- [Material to process]:
........

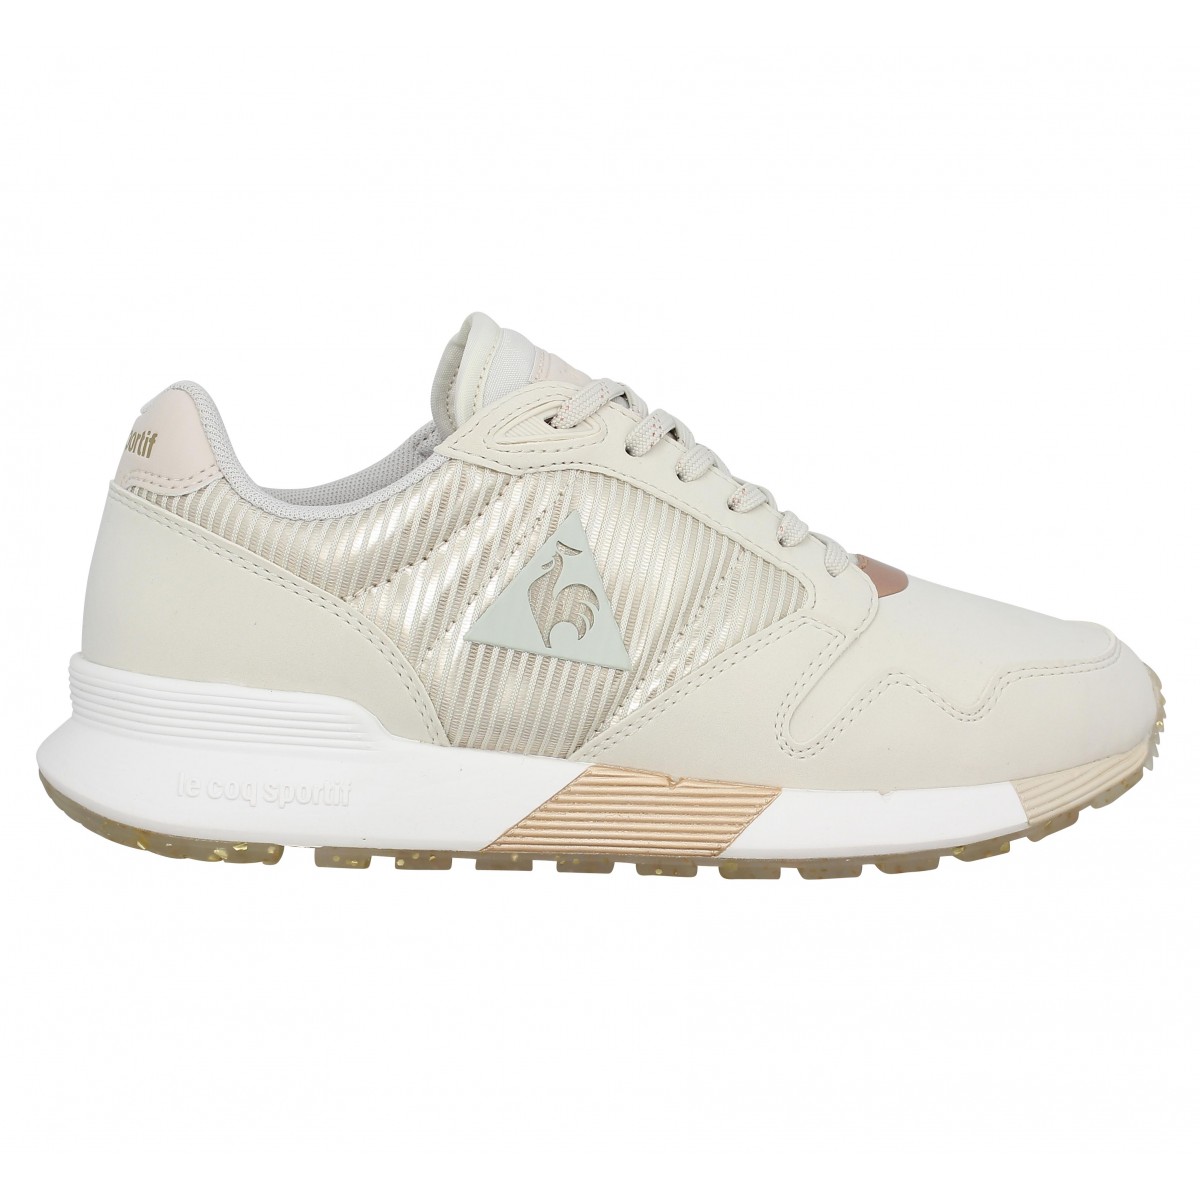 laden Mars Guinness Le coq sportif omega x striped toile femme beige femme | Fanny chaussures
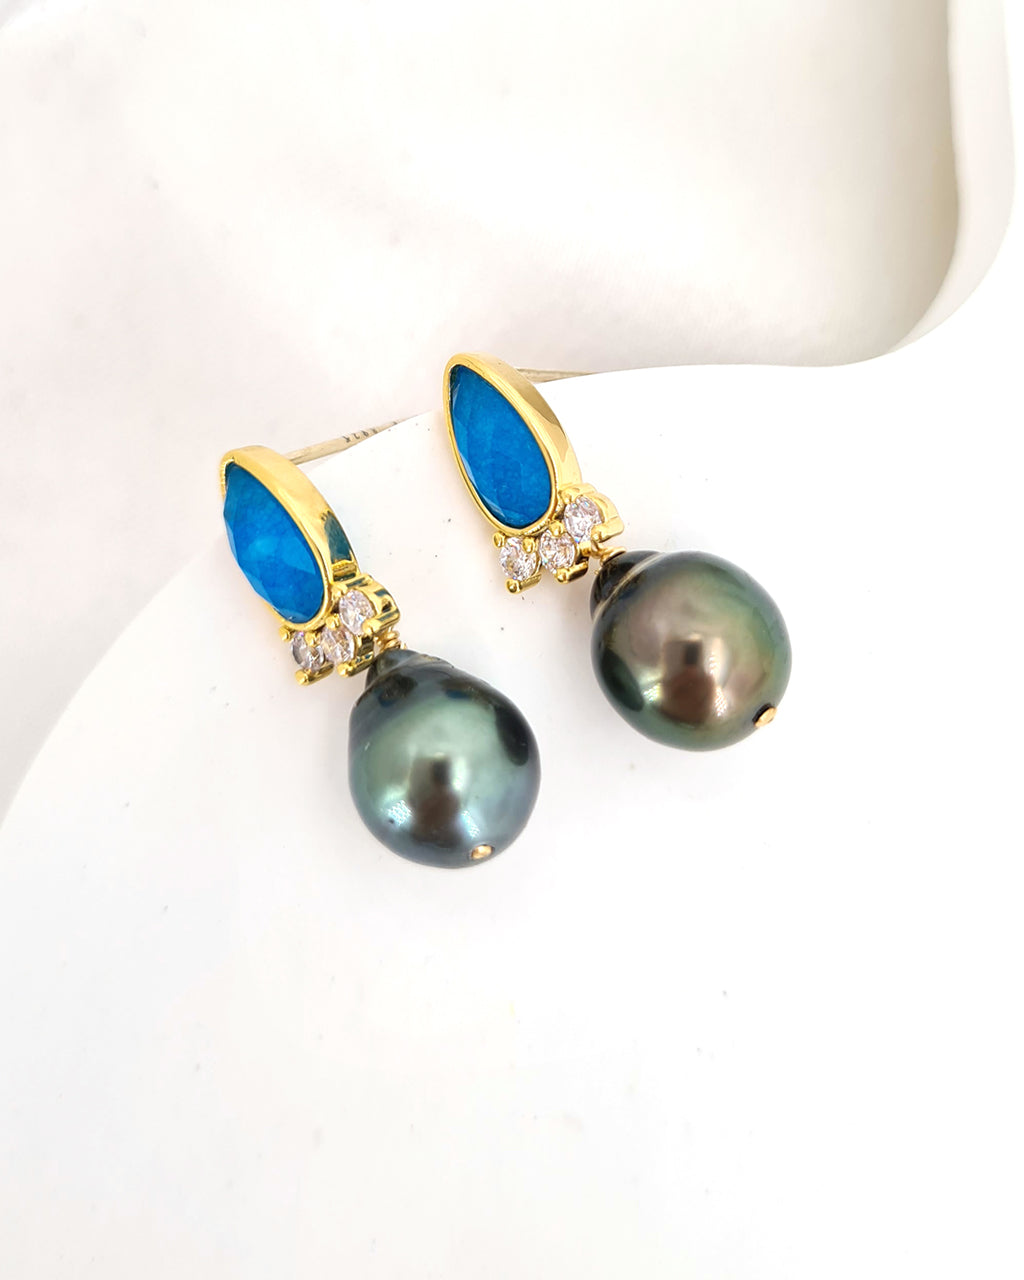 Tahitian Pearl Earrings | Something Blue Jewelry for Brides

........

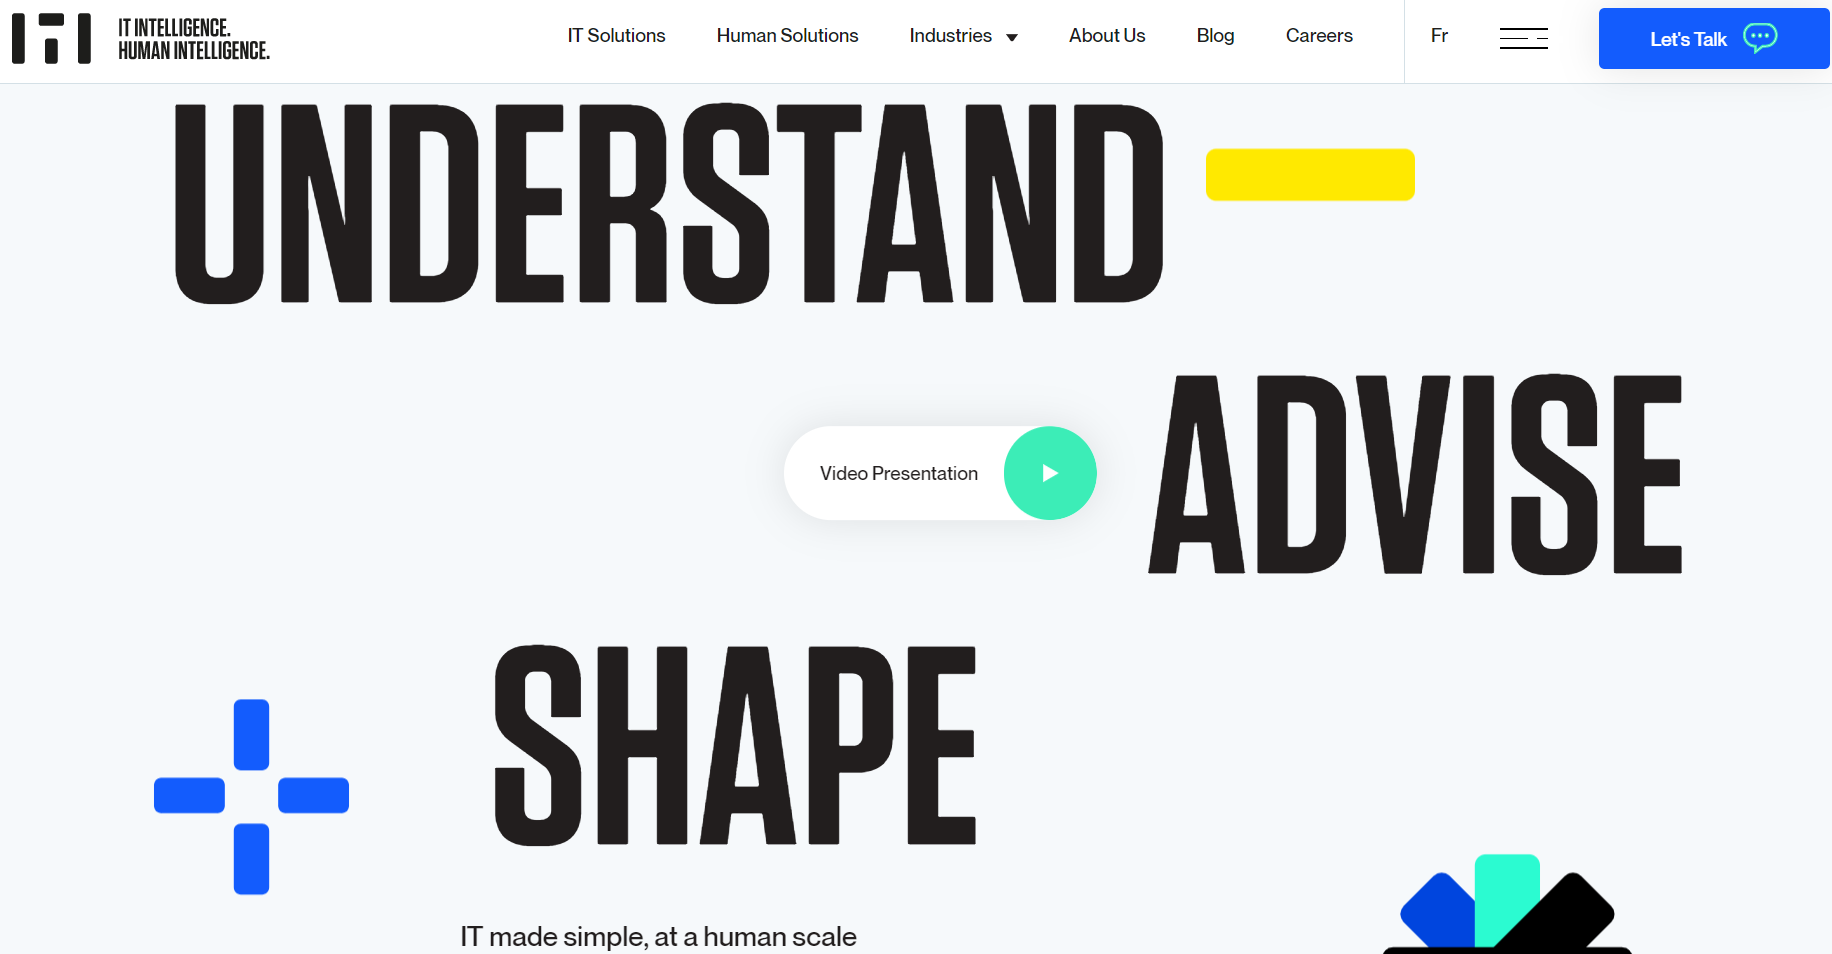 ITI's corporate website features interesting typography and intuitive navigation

........

- [Task description]:
In the listing above, the required lines run from the line with "laden Mars Guinness" through the line with "Tahitian Pearl Earrings". Output exactly those lines, omitting pictures.

- [Expected answer]:
 laden Mars Guinness Le coq sportif omega x striped toile femme beige femme | Fanny chaussures
 Tahitian Pearl Earrings | Something Blue Jewelry for Brides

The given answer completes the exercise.